*** Opening THE RECORDS ***
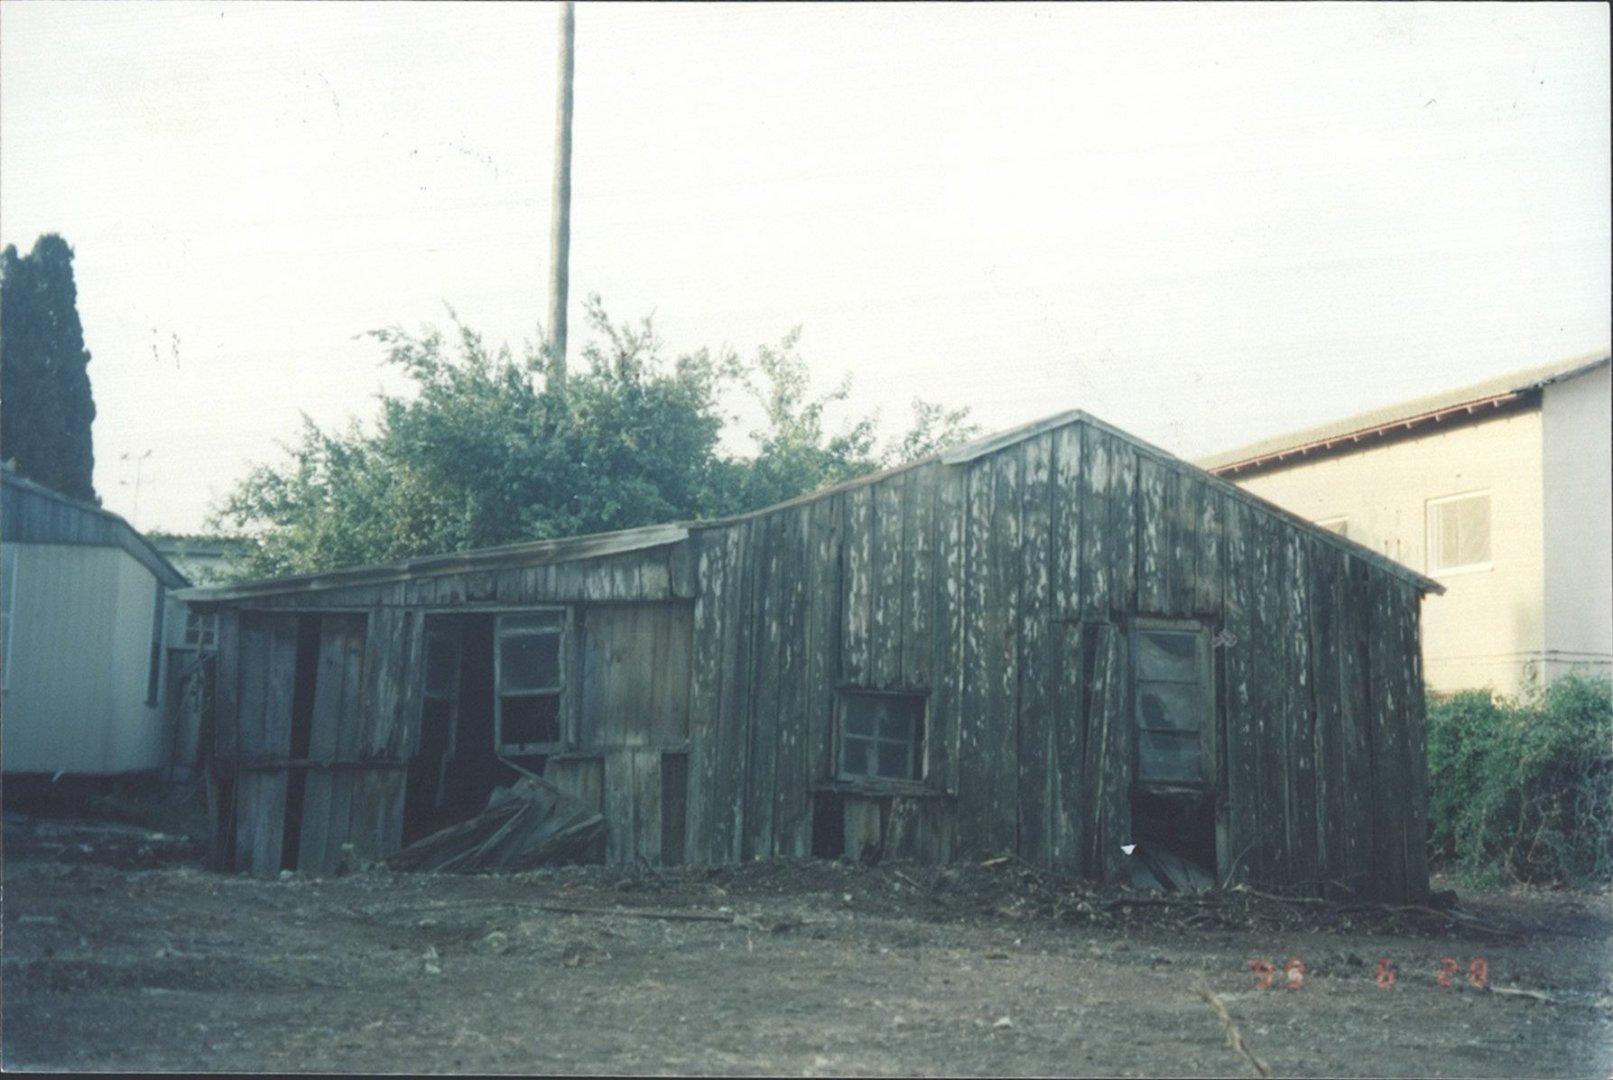 3 00380161 tif  הצריף של שולמן מאחורי בית ארבל היום
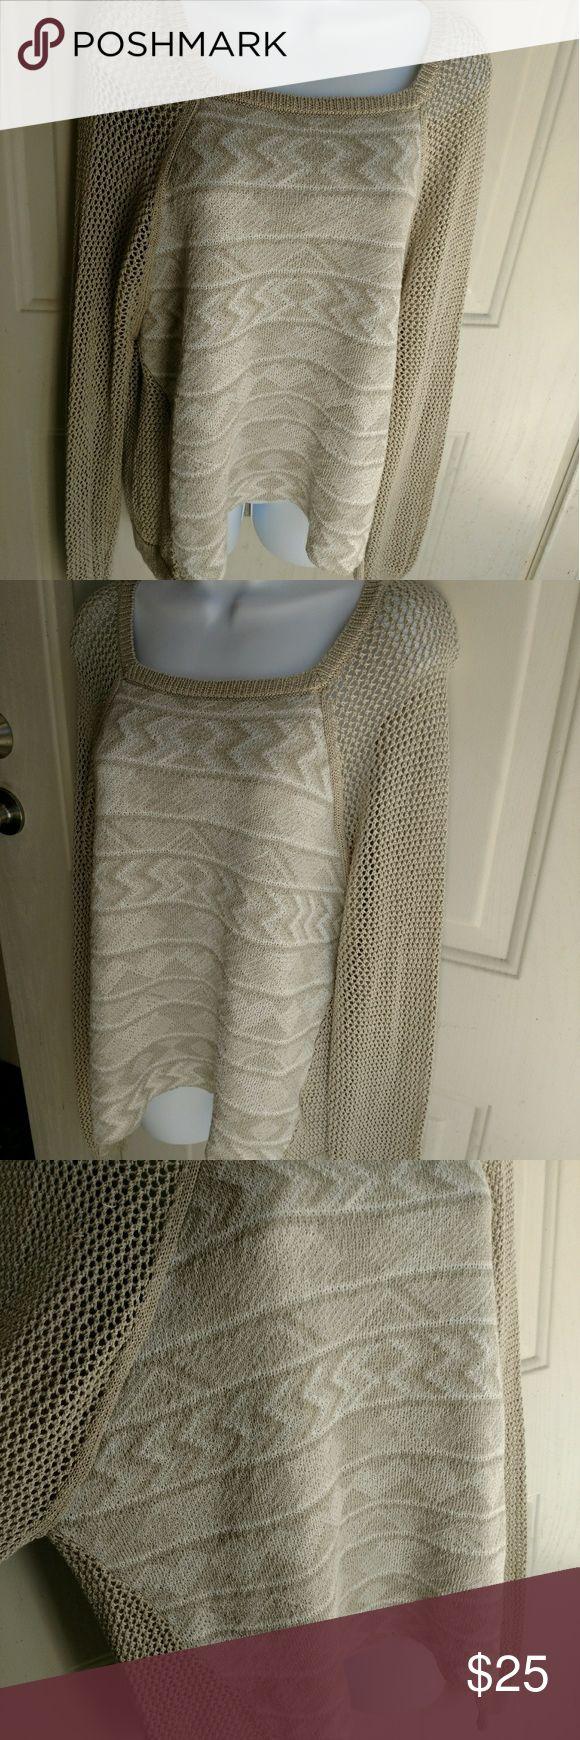 Rachel Rachel Roy tan tribal print sweater Rachel Rachel Roy tan cream tribal print long sleeve sweater. Fish net sleeves. Size XL. Gently used with no flaws.  B7-116 RACHEL Rachel Roy Sweaters Crew & Scoop Necks
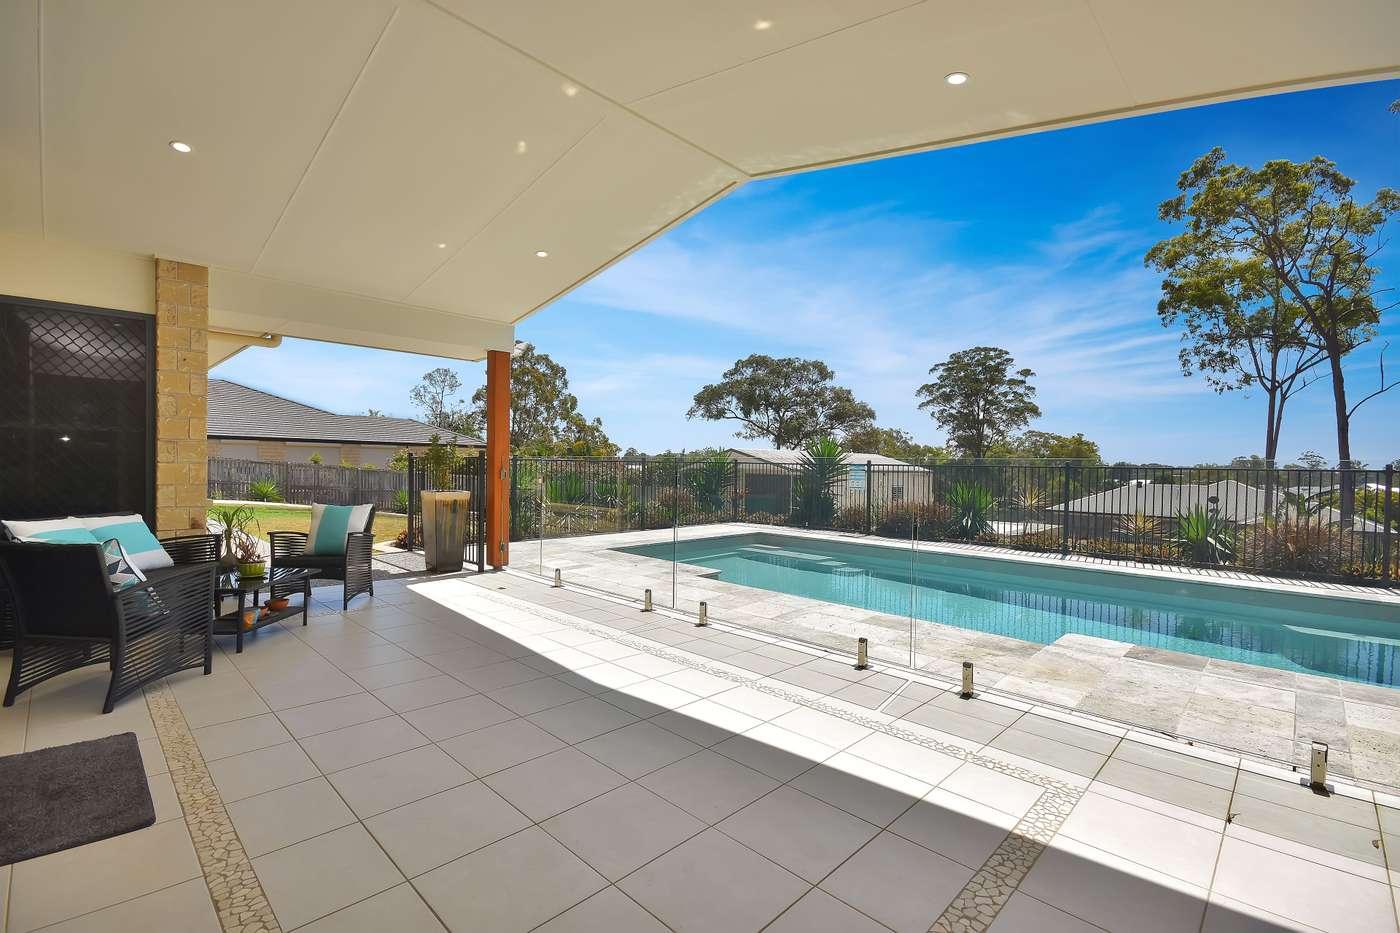 Main view of Homely house listing, 2-4 Julia Street, Narangba, QLD 4504
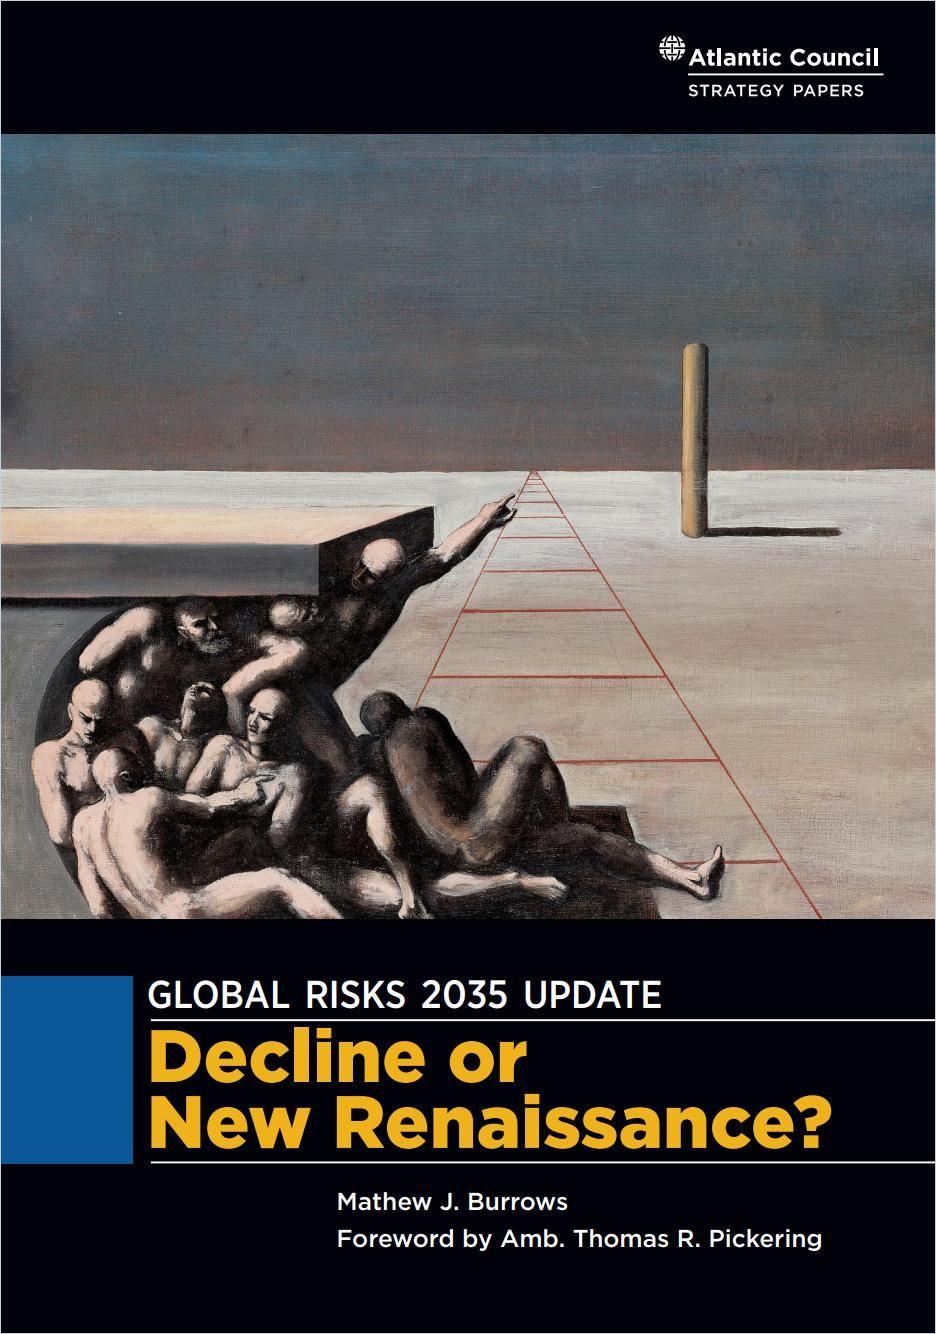 Image of: Global Risks 2035 Update: Decline or New Renaissance?
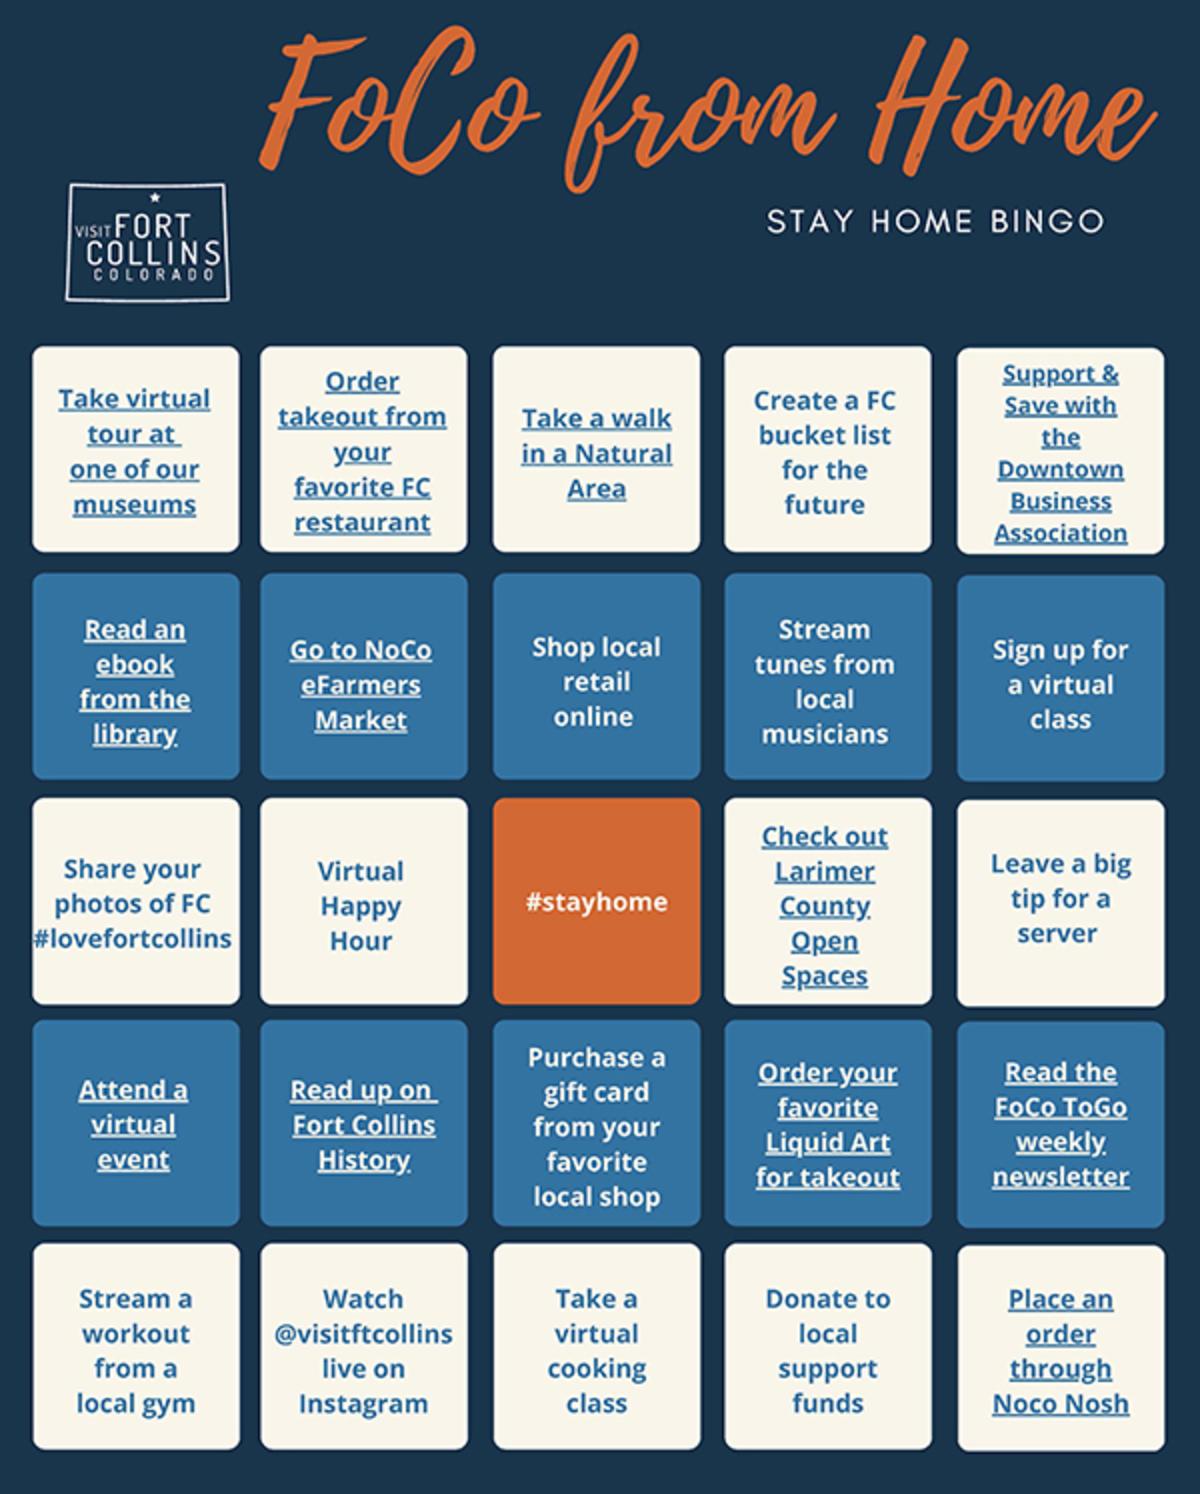 FoCo from Home Bingo
*** Closing THE RECORDS ***
■ ASSIGNED TASK:
Copy all the entries word for word. Omit any pictures.

■ TASK RESULT:
 3 00380161 tif  הצריף של שולמן מאחורי בית ארבל היום
 Rachel Rachel Roy tan tribal print sweater Rachel Rachel Roy tan cream tribal print long sleeve sweater. Fish net sleeves. Size XL. Gently used with no flaws.  B7-116 RACHEL Rachel Roy Sweaters Crew & Scoop Necks
 Main view of Homely house listing, 2-4 Julia Street, Narangba, QLD 4504
 Image of: Global Risks 2035 Update: Decline or New Renaissance?
 FoCo from Home Bingo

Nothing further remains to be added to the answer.